# what is the best games to play to bond with yr dog



## Safzola (Jan 14, 2013)

just interested if anyone has a game that you can bond with your dog more. :gsdhead::doggieplayball:aw: zolas mam ursula


----------



## Shade (Feb 20, 2012)

I think anything you do with your dog builds a bond, from walks, training, playing with toys, to just snuggling. All of those things build bond and trust


----------



## Safzola (Jan 14, 2013)

Shade said:


> I think anything you do with your dog builds a bond, from walks, training, playing with toys, to just snuggling. All of those things build bond and trust


My husband thinks a good play fight is really good,he has always fought with Zola since she was a pup,,but the funny thing is ,she will only fight with him,if I get on the floor to fight ,she just licks me...strange


----------



## Loneforce (Feb 12, 2012)

I always played hide the toy with Jonas he loves that game.


----------



## Safzola (Jan 14, 2013)

Loneforce said:


> I always played hide the toy with Jonas he loves that game.
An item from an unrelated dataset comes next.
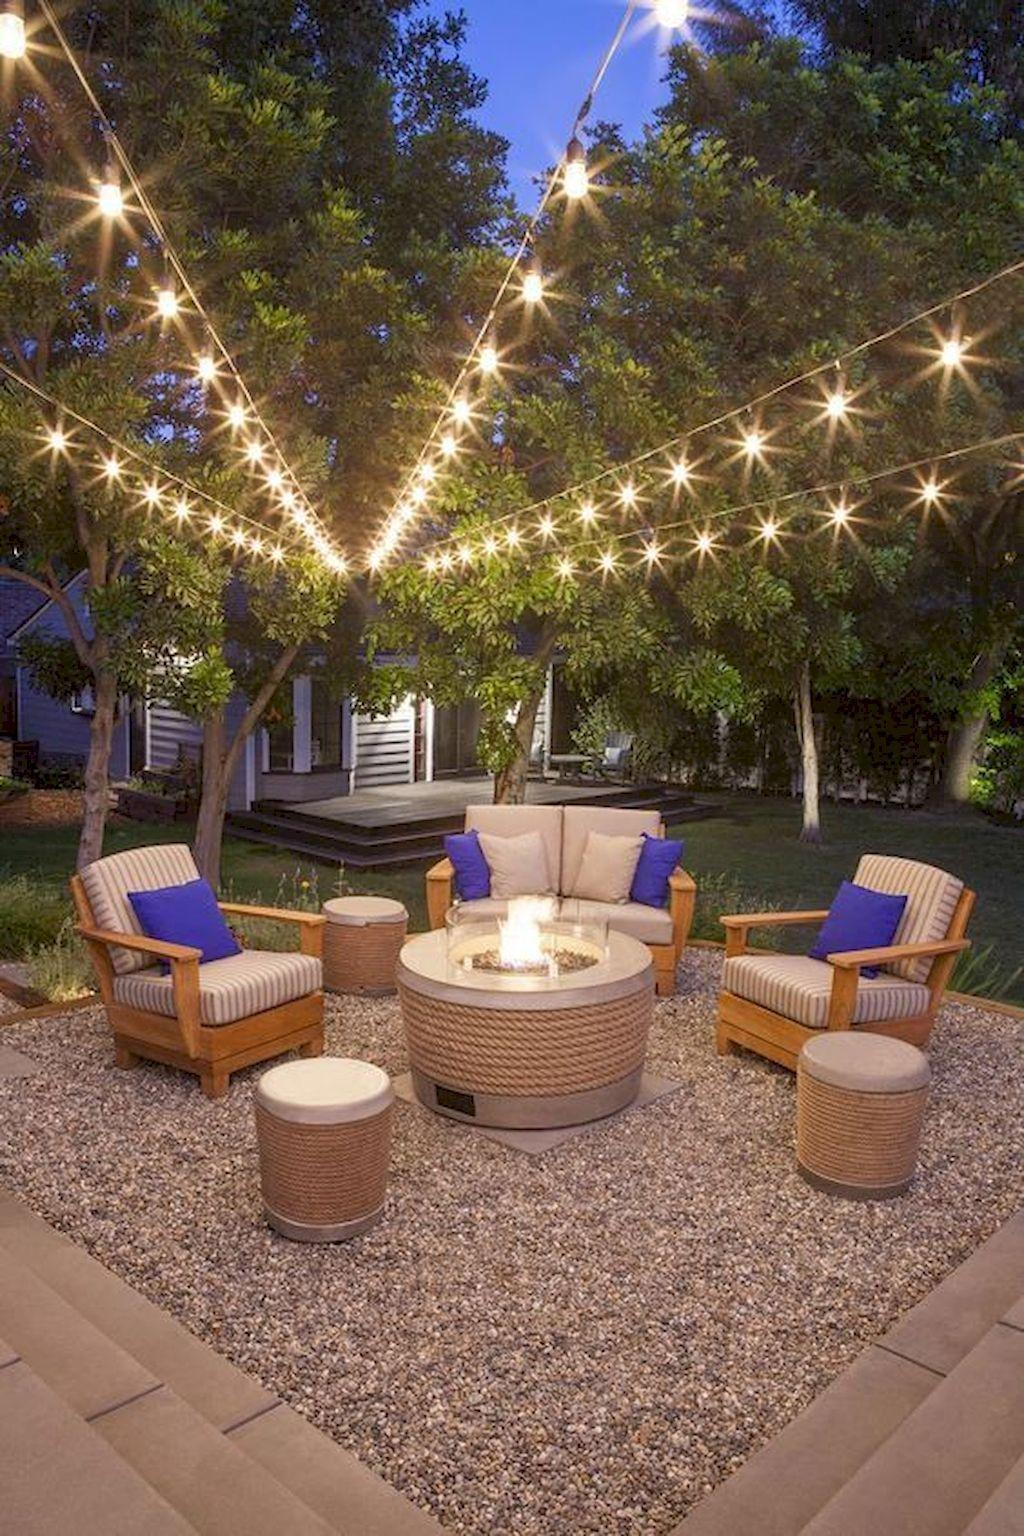 Is Your Outdoor Decor Ready For The Summer Season In 2020 Backyard Fire Fire Pit Backyard Backyard

Check my husbands thread ..Nose games..........does Jonas always find ?


----------



## Loneforce (Feb 12, 2012)

Safzola said:


> Check my husbands thread ..Nose games..........does Jonas always find ?


 Yes he always finds it.


----------



## Safzola (Jan 14, 2013)

And rough fighting ? what do you think ?


----------



## Loneforce (Feb 12, 2012)

I usually dont do that. I think it makes the dog feel its ok to mouth and paw you, and usually that ends up in someone getting acidently hurt. But that is just my thoughts I am sure it works for others.


----------



## Mary Beth (Apr 17, 2010)

For my Sting, to build the bond, it is tug. I do it a little different, since he loves to pounce and grab. So I use 2 tugs hooked to leashes. He waits on the down/stay - while I walk out with both tugs - when I give the okay - I scoot one tug on the ground - he lunges for it - I pull - he pulls - after a bit I let go and grab the other -he drops his tug, and grabs that one - and so on. It is great exercise especially in winter. The important part is that after a longer struggle, that I give up and walk away, then turn and praise him - he has won and brings both tugs - he gets a treat when he gives the tugs back. I use the game as a reward after his daily obedience session. It has helped to forge a bond and for him to concentrate and ignore distractions, it has also helped his recall.


----------



## onyx'girl (May 18, 2007)

Tug, tracking and just training builds the bond for me. Also asking the dog to do something s/he clearly doesn't want to do and working through it will grow the relationship.


----------